Oleh. Ghumaisha Gaza
(Kontributor NarasiPost.Com)
NarasiPost.Com-"Mas Nafis demam, Fa! Umi sama Abi terpaksa masuk ke kamar karena khawatir, tidak ada jawaban setelah beberapa kali dipanggil dan diketuk. Mas Nafis tidak terlihat salat berjemaah Subuh ke masjid. Bahkan sejak kemarin sore Umi baru sadar Mas Nafis tidak tampak keluar kamar. Saat kita lihat, Mas Nafis ternyata sedang berbaring. Wajahnya pucat, badannya panas sekali, sempat mengigau memanggil nama kamu, bahkan sempat terdengar ingin dibawakan minum. Umi juga sudah bawakan makan, tapi entah karena canggung atau tidak nafsu makan, hanya bisa makan beberapa suap. Bilangnya sudah cukup, tidak apa-apa dan perlu istirahat saja, tapi Umi sangat khawatir melihatnya, Fa."
Shafa merasa langkahnya begitu berat padahal ia ingin segera menuju kamarnya yang telah ia tinggalkan selama tiga malam. Sesekali tangan kanannya tampak menghapus air mata yang tak mampu dibendungnya lagi. Sementara tangan kirinya memegang sebuah jam tangan berwarna cokelat yang membuat hatinya merasa semakin bersalah.
"Maafkan aku Mas, maafkan!" bisiknya lirih. Sementara nasihat uminya pun terus terngiang-ngiang dalam benaknya.
"Rasulullah bahkan pernah bersabda, Fa! Seandainya aku boleh menyuruh seorang manusia sujud kepada seseorang, maka aku akan perintahkan seorang perempuan sujud kepada suaminya."
"Apa yang membuat kamu kesal dan tega meninggalkannya? Kalaulah Mas Nafis banyak menghabiskan waktunya untuk belajar dan duduk di hadapan kitab-kitabnya, maka pahamilah, ini jalan hidup yang Mas Nafis pilih. Allah telah memberikan karunia pemahaman agama kepada Mas Nafis, dan pemahamannya tersebut menjadi amanah untuk terus dihidupkan di tengah-tengah umat. Belajar dan mengajar menjadi napas dalam kehidupannya. Bahkan belajar atau menuntut ilmu adalah kewajiban kita semua. Termasuk kamu sebagai istrinya, tetap dampingi Mas Nafis, kuatkan Mas Nafis, jaga semangat belajarnya agar selalu menyala."

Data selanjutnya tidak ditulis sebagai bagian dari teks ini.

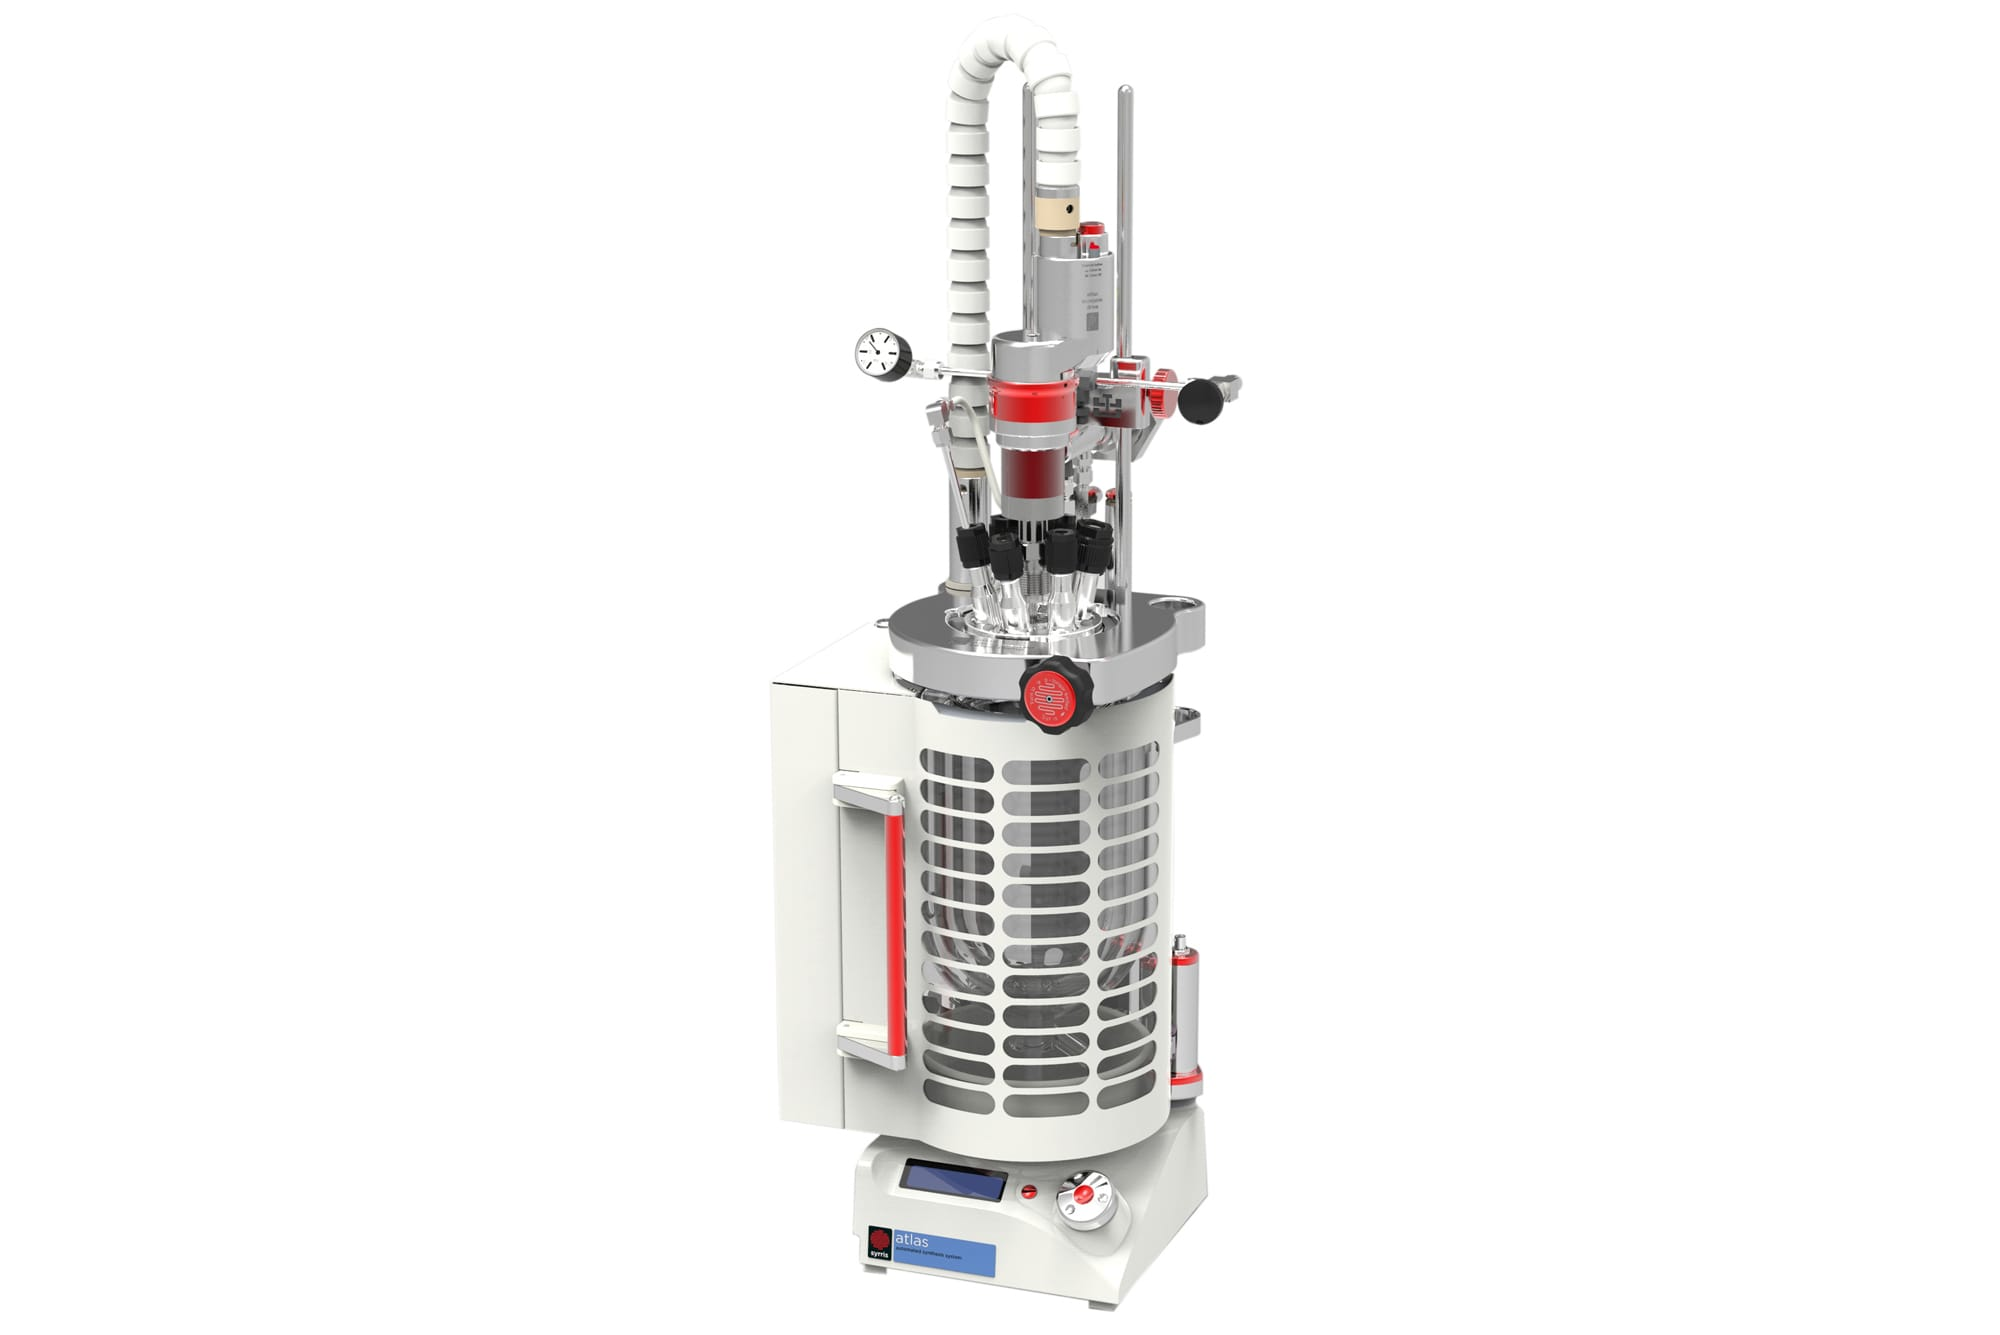 syrris u2019 versatile atlas batch reactor system makes

Shafa kembali menghapus air matanya dan beberapa kali menarik napas panjang sebelum memasuki kamarnya. Ia merapikan hijabnya sejenak. Deretan kitab yang hampir memenuhi sebelah ruangan kamarnya seakan menatapnya tajam. Seseorang yang biasa ia lihat di meja belajarnya tampak tidak ada. Shafa meneruskan langkahnya mendekati dipan, seseorang yang sangat dirindukannya tampak duduk bersimpuh di atas lantai. Shafa merasa badannya lemas, sejurus kemudian air matanya kembali mengalir deras.
Siang itu, hari Kamis terakhir di bulan Syawal. Saat memasuki kamarnya Shafa melihat Mas Nafis ternyata sedang tertidur di atas sofa dengan ponsel yang masih menyala dan sebuah kitab di atas dadanya. Shafa berjalan pelan mendekati Mas Nafis, mematikan ponsel dan meletakkan kitab di atas meja belajar. Shafa memandangi wajah suami yang baru menikahinya pertengahan Ramadan itu lekat-lekat lalu sedikit tersenyum.
Tak lama Shafa tampak mengernyitkan keningnya dan berkata dalam hati, "Tumben tidak langsung bangun, biasanya meskipun matanya terpejam, tapi saat suara seorang syekh di ponselnya berhenti, Mas Nafis akan segera terbangun."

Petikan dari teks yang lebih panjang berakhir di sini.